В свете, падающем из окон, мелькали оскаленные не то в смехе, не то в злобе лица. И глядя на них, Михаил Гордеевич все более и более сознавал свою обреченность. Из толчеи этих вооружившихся свирепых людей никогда уже ему не выбраться на волю, не оказаться в отцовском доме на Воскресенской в Красноярске. «Поделом тебе, старый черт! — осудил он себя. — Россию спасать вздумал? А Россия — вот она, скалится на тебя, винтовку наперевес взяла…»
У входа стоял солдат-часовой в папахе, с карабином. Из проема соседних дверей стволами на город были нацелены орудия и пулеметы. Там толпились матросы, готовые по команде открыть огонь.
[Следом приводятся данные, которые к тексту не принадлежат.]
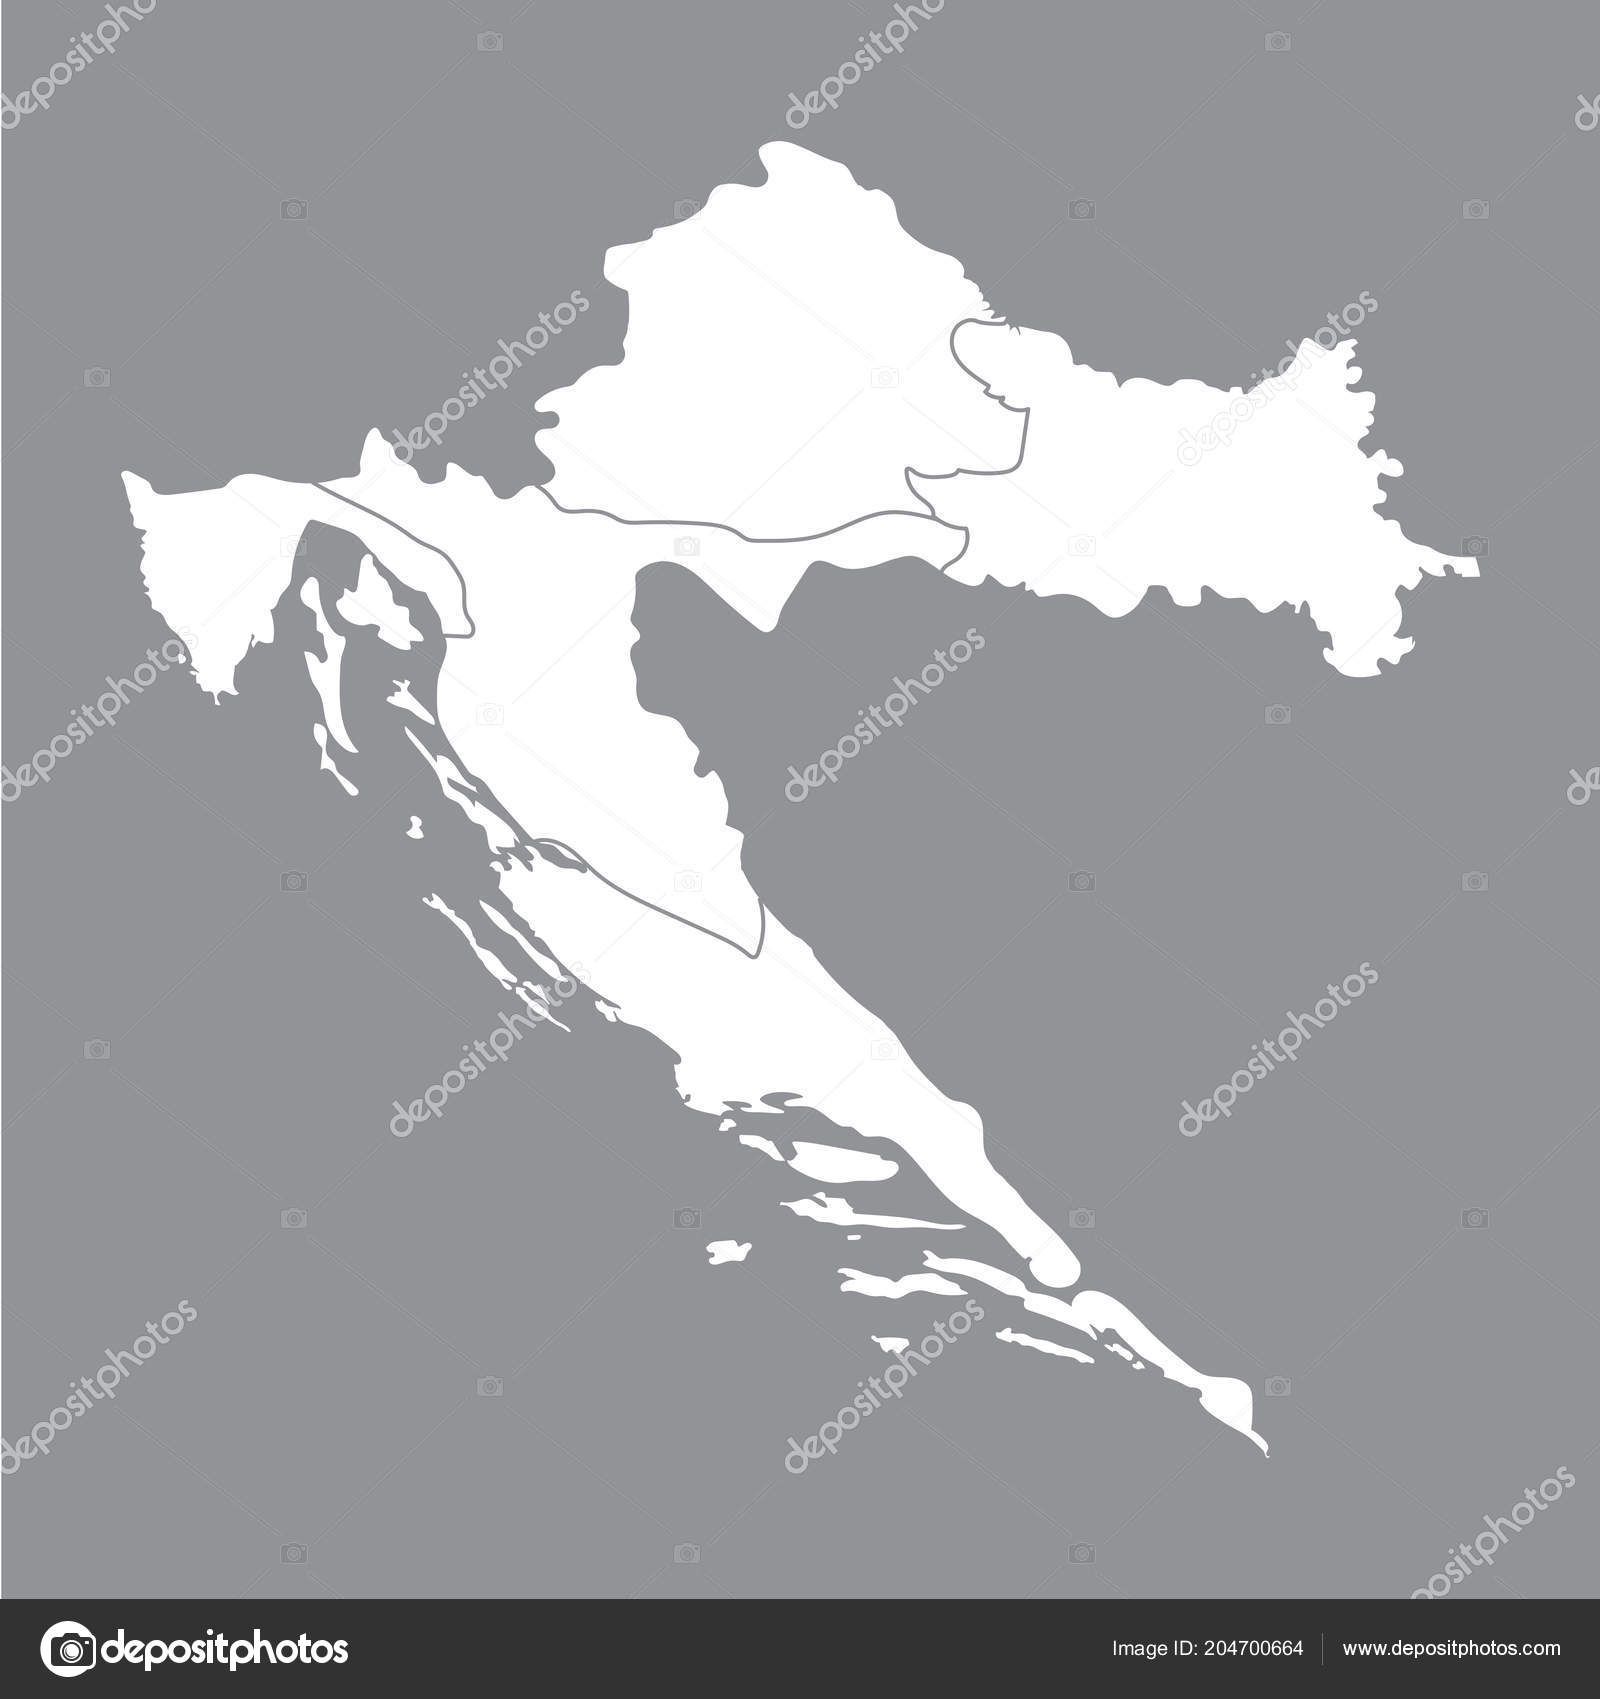 Cartina Muta Della Croazia.Blank Map Croatia High Quality Map Croatia Gray Background Map Vector Image By C Karinanh Vector Stock 204700664

— Куда? — спросил часовой.
— В пятьдесят шестую, — объяснил Сомов. — Контру туда водим.
В груди Михаила Гордеевича что-то сдвинулось вниз, оставив на своем месте холод. Надежды на спасение не было…
Они поднимались по лестнице — он впереди, Сомов сзади, — а вокруг бурлила неоглядная людская масса: шинели, матросские бушлаты, кожанки. Один, в кожанке, шел им навстречу по лестнице. Бородка клинышком, строгие глаза за стеклами пенсне — он чем-то походил на прилежного служащего, но была в нем какая-то пугающая властность.
Человек в кожанке вгляделся в Михаила Гордеевича и, приостановившись, полюбопытствовал у красногвардейца:
— Кого ведете, товарищ Сомов?
— Да вот, Яков Михайлович, поймали господина капитана среди ночи без документов. Приказ имею сдать в пятьдесят шестую. Там узнают, что за птица.
— Там узнают, — согласился человек в кожанке и сбежал по ступеням.